A Review of Fundamentals and Applications in Laser Material Processing
Gyu Been Kim, Chang Byeok Jeong, Hee Yoon Jang, Min Cheol Cheon, Sung Kyu Jang, Seoung-ki Lee
J Electr Electron Mater 2025;38(2):119-131.   Published online March 1, 2025
DOI: https://doi.org/10.4313/JKEM.2025.38.2.1
The laser (LASER), originating from the principle of stimulated emission proposed by Albert Einstein, has been a catalyst for substantial advancements across numerous industrial and scientific domains. Initially confined to research and laboratory applications, the scope of laser technology has expanded rapidly over time. This expansion is primarily due to the laser's unique characteristics, such as high-density energy output and precise beam control, which have facilitated its widespread integration into contemporary industrial practices. Specifically, laser materials processing technology enables the machining of diverse materials, including metals, ceramics, and polymers, in a non-contact manner, thereby achieving high precision without the risk of wear or contamination. As a result, laser processing has become indispensable in fields such as advanced electronics manufacturing, medical device production, aerospace, and the automotive industry.
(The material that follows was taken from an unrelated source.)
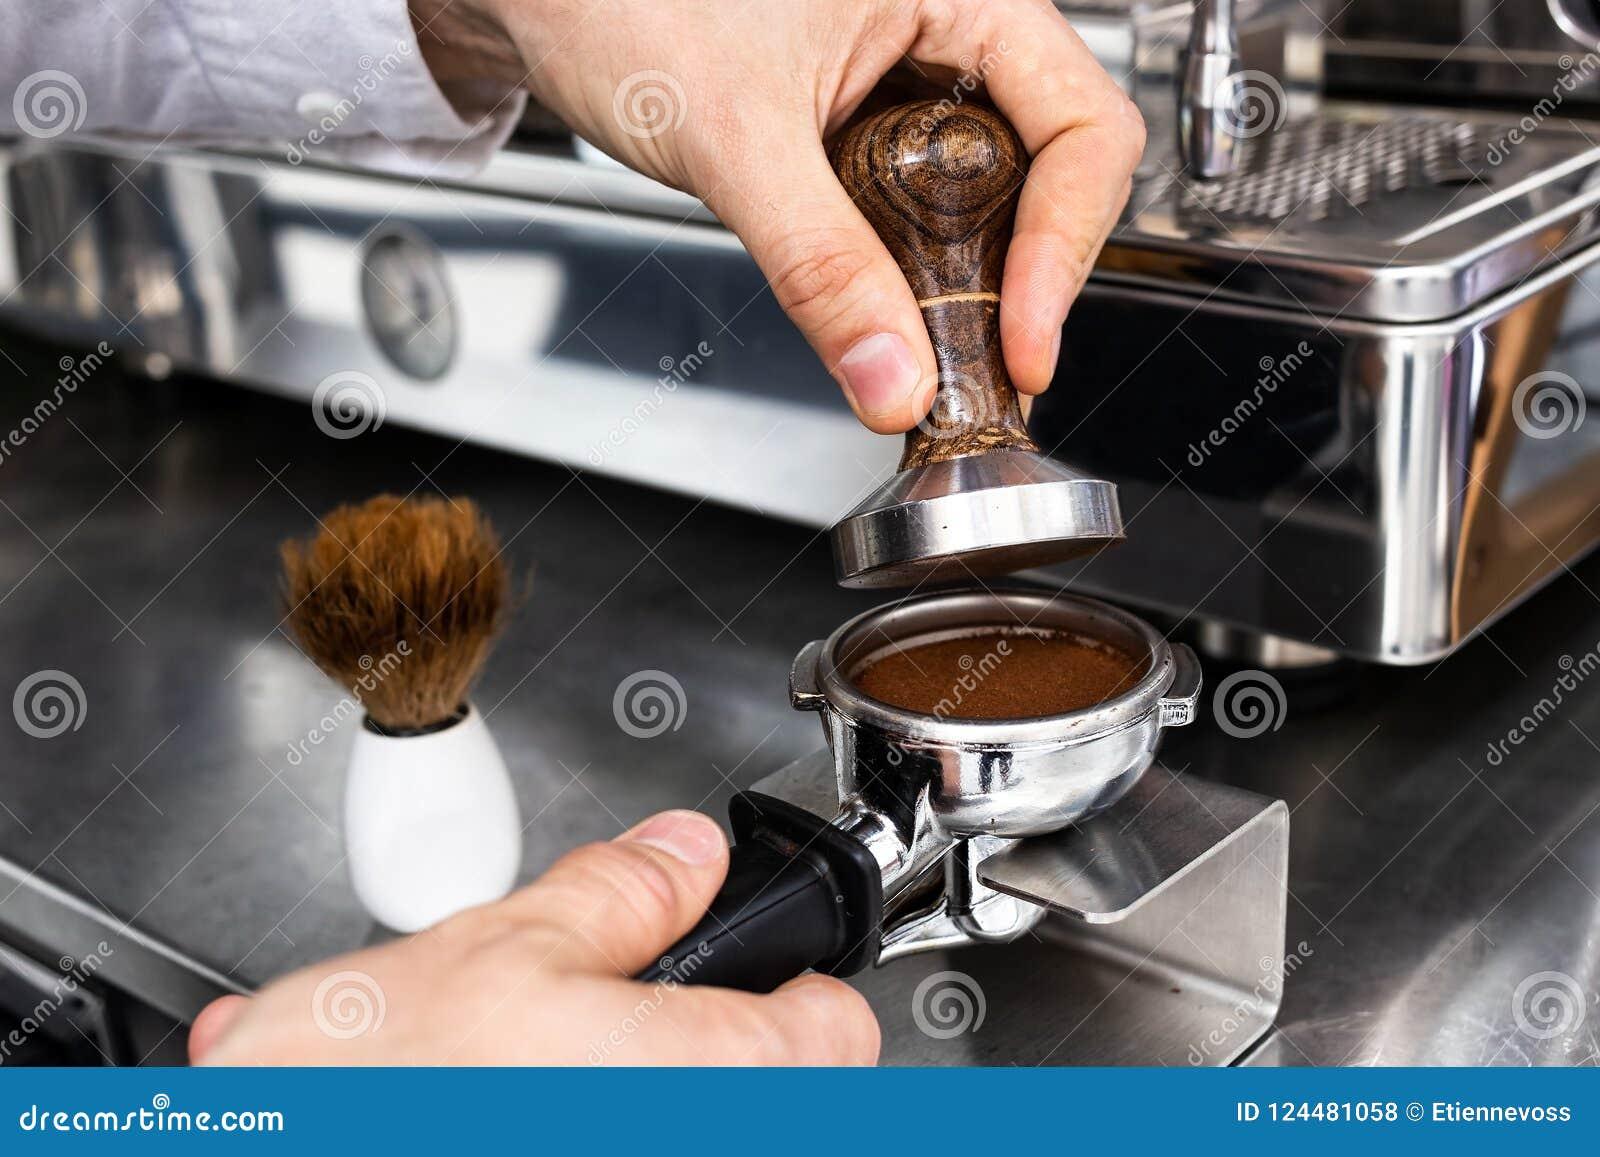 Barman pressant le cafè moulu dans le portafilter avec un bourreur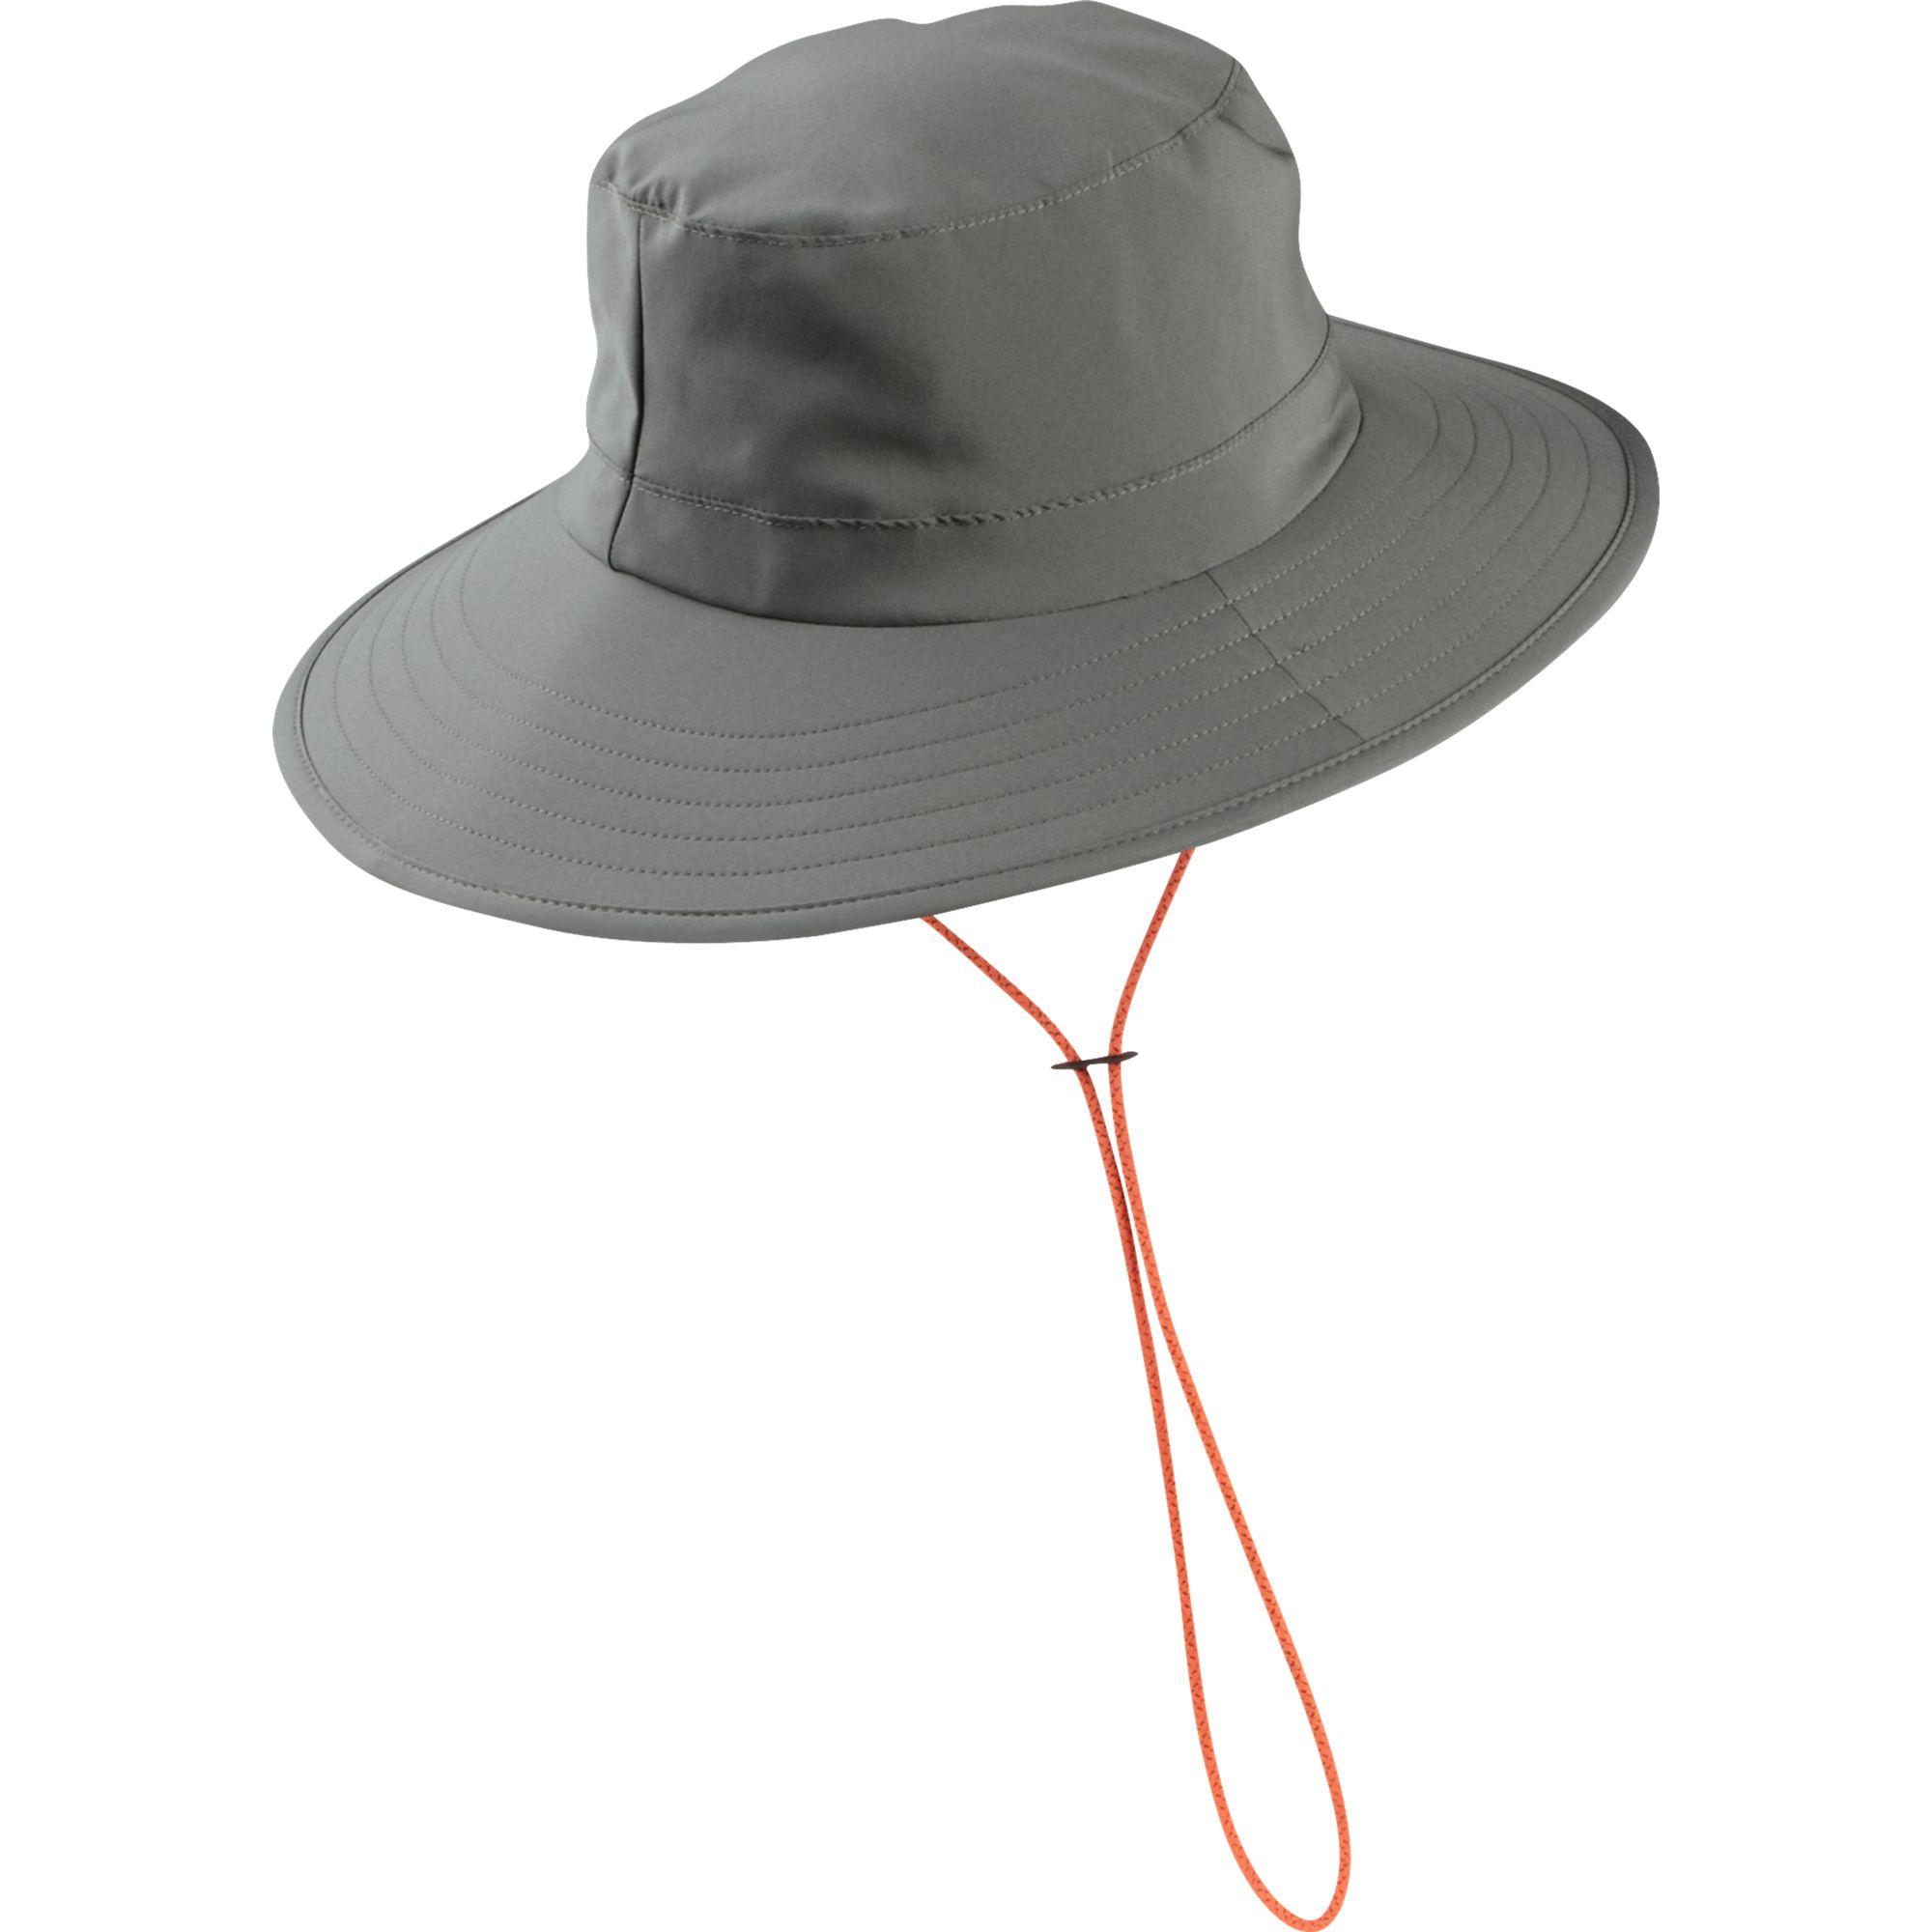 Sun hats - deals on 1001 Blocks

Furthermore, laser materials processing exhibits significant potential for high-precision applications that demand minimal thermal deformation of materials, such as microfabrication and the production of complex geometries. This paper provides a comprehensive examination of the development and necessity of laser processing technology, explores various laser types and their possible applications, and elucidates why laser technology has emerged as a fundamental component of modern manufacturing, alongside its trajectory for future development.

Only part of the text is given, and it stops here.